In his role as a White House correspondent, Garrett says, “I’m asked all the time, ‘Has the President checked out?  Is he just tired of doing the job?’ Being at the White House, I never feel that. I never sense that in him or in the people who work around him.”

“He has a different style,” explained Garrett “It was a style that worked magnificently for him in the 2007-2008 campaign. But we’re in a different climate,” Garrett added. Events on the world stage have been incredibly challenging. The volatile political environment has left people feeling shaken and confused rather than fired up for their particular issue or party”. 

2014-11-12-politics-pancakes-with-a-side-of-politics-image-chair-elect-others  2014-11-12-politics-pancakes-with-a-side-of-politics-image-tag-greason

When asked what he thought of Leon Panetta’s Presidential critique, Garrett said, “When you’re president you have to fight for things and you have to make people do things they don’t want to do.”  Lyndon Johnson was a master at this, he mentioned. “Obama doesn’t get into people’s faces,” he said.  He doesn’t fight except for a few initiatives such as ObamaCare and the Cap and Trade Bill, Garrett explained. For the most part, Obama appears to lack the intensity needed to push his ideas through. He doesn’t want to waste energy on fights he thinks he can’t win, concluded Garrett.

IMMIGRATION
Garrett said that immigration will be a bigger issue post- election. If Republicans gain control of the Senate and they have control of the House, they will be obligated to present an immigration reform policy, he explained. 

They can’t be silent for the two years that they are running Congress. It would be giving up on an issue that’s central to the Republicans’ presidential election platform. The problem is that immigration reform is a “radioactive issue” that none of the Republican presidential candidates want to identify with. However, the party’s evangelical and business bases will want action, Garrett explained. 
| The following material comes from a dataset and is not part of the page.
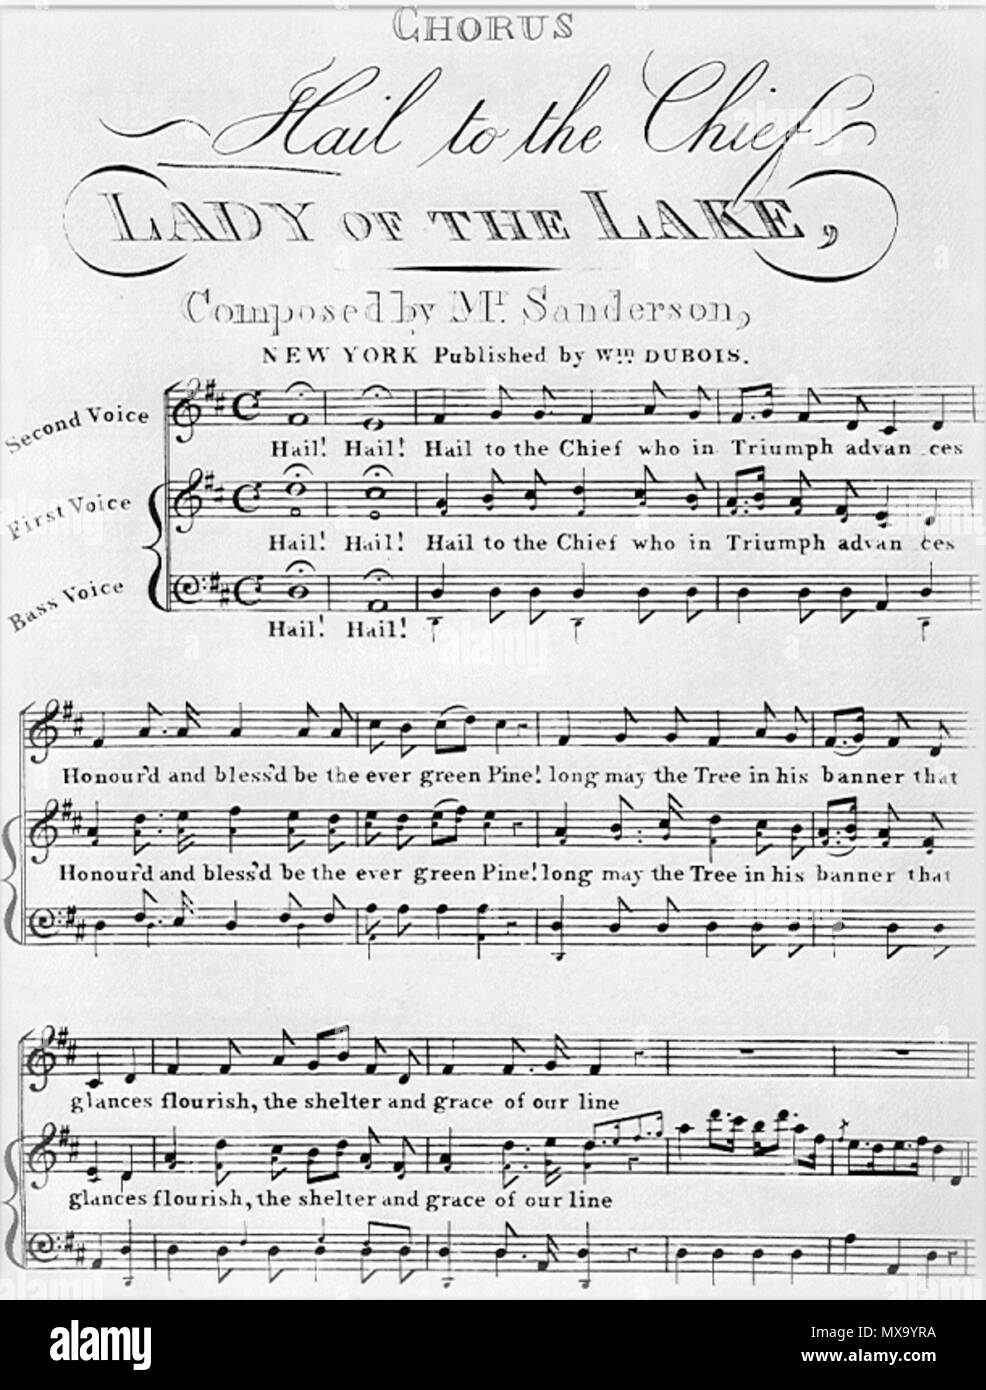 . The author is a Mr Sanderson. This is a picture of the chorus of Hail to the Chief sheet music. The website where I found this image is http://www.jmu.edu/madison/center/main pages/material/audio/music/hail.htm. Uploaded to Wikipedia 2006-07-24. This file is lacking author information. 264 Hail to the Chief Chorus Sheet Music Stock Photo

After the election, Obama may use his executive authority to grant legal status to 3-5 million long-standing immigrants who came to the U.S. without papers and who have worked and established families in communities here, Garrett predicted. If that happens, it is possible that a Republican-controlled House and Senate will refuse to fund it. This sets the stage for a government shutdown. “And don’t think the White House hasn’t thought this through,” Garrett said. “Would it not like to see Republicans, as soon as they become the governing party, run themselves into a shutdown box canyon over immigration?”  

BIG MONEY
Regarding a question about whether mega-donors have skewed the political process, Garrett confessed to nostalgia for the old soft money system. When party machines controlled the distribution of political donations, “it wasn’t ideal” but you had a wall between donors and individual candidates, he said.

 The committees served as a clearinghouse for political donations, according to Garrett. They limited the amount of direct influence that big donors could have over candidates. An unintended consequence of the McCain-Feingold reform was that it got rid of the middleman and gave big donors more control over where their money goes.
However, many of the dire predictions about big money buying elections are overstated, he pointed out. In the 2012 campaign, super PAC money didn’t affect the election’s outcome. In some ways, the efforts of super PACS cancelled each other out

A TIME OF TRANSFORMATION
Garrett said that while gridlock may prevail on the Hill, “we are living in an amazing decade of political transformation.”  In the 2004 election, the legalization of gay marriage seemed remote, yet it only took a decade for the nation to accept this change, he pointed out. “It underscores something that is majestic and beautiful about our country. We change faster than any civilization on planet Earth. Change is happening right before our eyes.”